Dr. Suguna Devi Sakkiah received her Ph.D. from Gyeongsang National University (GNU), South Korea in 2012 and her master’s degree from Bharathiar University, India. In 2010, she received a Young Pioneer Research Scientist award while pursuing her Ph.D. After receiving her Ph.D., she worked as a postdoctoral researcher at the Gwangju Institute of Science and Technology, the University of California, Los Angeles and the Cedars-Sinai Medical Center, Los Angeles from 2012 to 2015. She joined NCTR as an ORISE postdoctoral researcher in 2015 and converted to an FDA staff fellow in 2018. During her research career, Dr. Sakkiah has published more than 60 peer-reviewed research articles and review papers, and two book chapters.
Research Interests
Dr. Sakkiah’s main interests are in cheminformatics, molecular docking, molecular dynamics simulation, QSAR, database, and machine learning. To assist in safety evaluation of FDA-regulated products Dr. Sakkiah has developed multiple models to predict chemicals such as neuronal acetylcholine esterase binding with endocrine receptors (androgen and estrogen receptors).

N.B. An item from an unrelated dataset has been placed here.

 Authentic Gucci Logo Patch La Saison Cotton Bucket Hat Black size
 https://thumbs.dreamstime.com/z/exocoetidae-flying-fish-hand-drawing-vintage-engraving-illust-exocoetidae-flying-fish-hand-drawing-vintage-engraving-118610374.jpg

Currently, she is developing an androgenic activity database (AADB) to enhance knowledge about endocrine disruptors and to apply computational chemistry and machine learning to reduce drug cardiotoxicity and opioid addiction.

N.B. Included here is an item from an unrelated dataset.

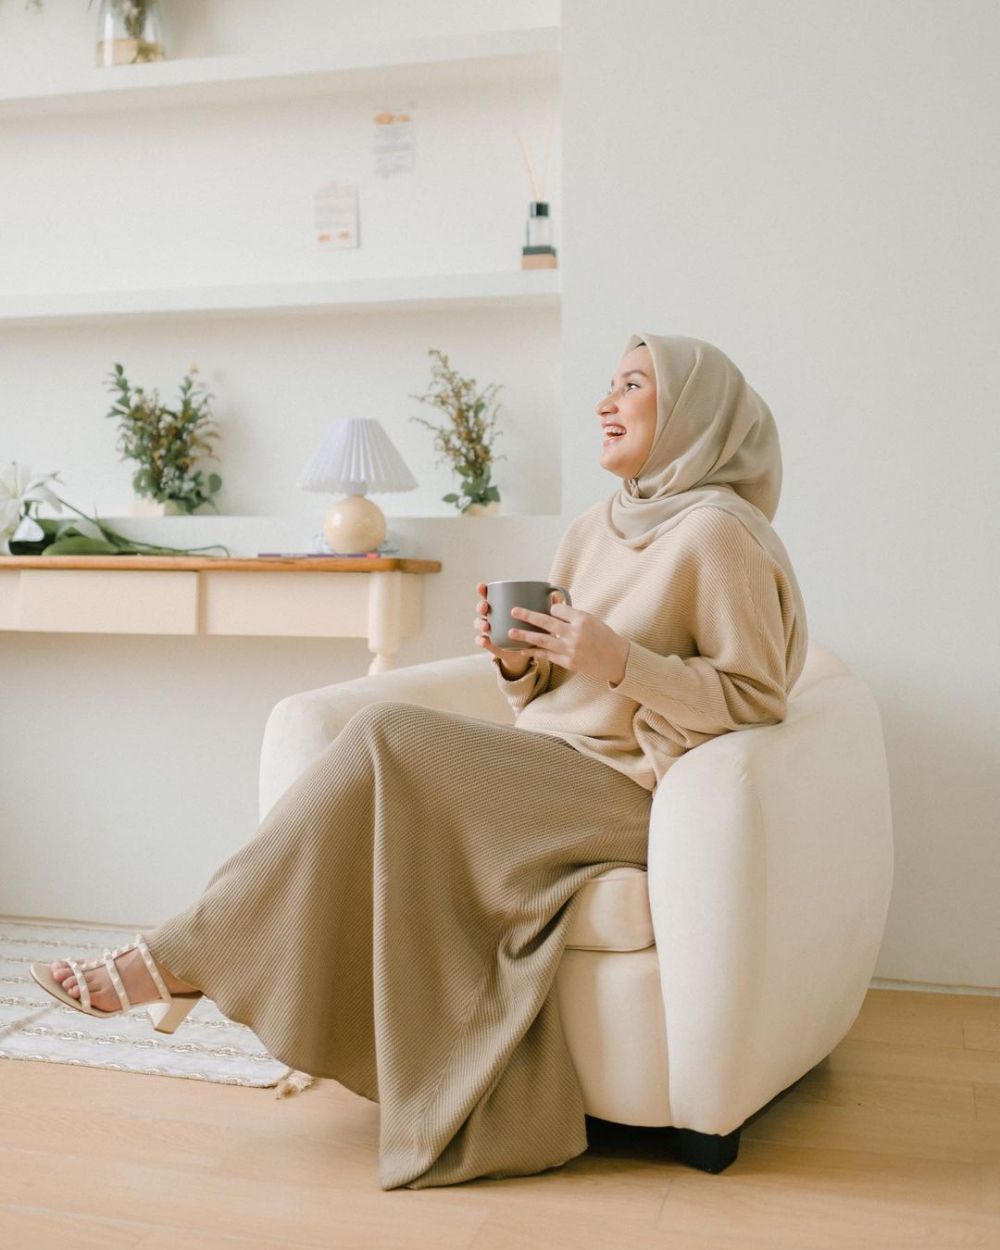 11 Padu Padan Style Hijab Warna Netral ala Dwi Handayani

OpenTox Virtual Conference Session 1. Endocrine Disruption
Endocrine disruptors are chemicals which can interact with nuclear receptors and alter endocrine function which leads to various adverse health effects in humans. The evidence that endocrine disruptors could disrupt endocrine systems sparked intense international scientific discussion and debate, culminating in issuance of legislation that reauthorized the Safe Drinking Water Act and the 1996 Food Quality Protection Act. These laws mandated that the Environmental Protection Agency develop an endocrine disruptor screening program. This session will give a deep and insightful discussion about the endocrine disruptors and their mechanisms to alter the function of the endocrine proteins such as estrogen receptor, androgen receptor, etc. Mainly the core important hormone enzymes Estrogen-related receptor alpha and Aldo–Keto Reductases C3 (AKR1C3) will be discussed including their metabolism, pathways, and key concepts of related drug design approaches. Also, we will discuss the mechanism of the estrogen related receptor and its role in hepatic metabolism and pathophysiology.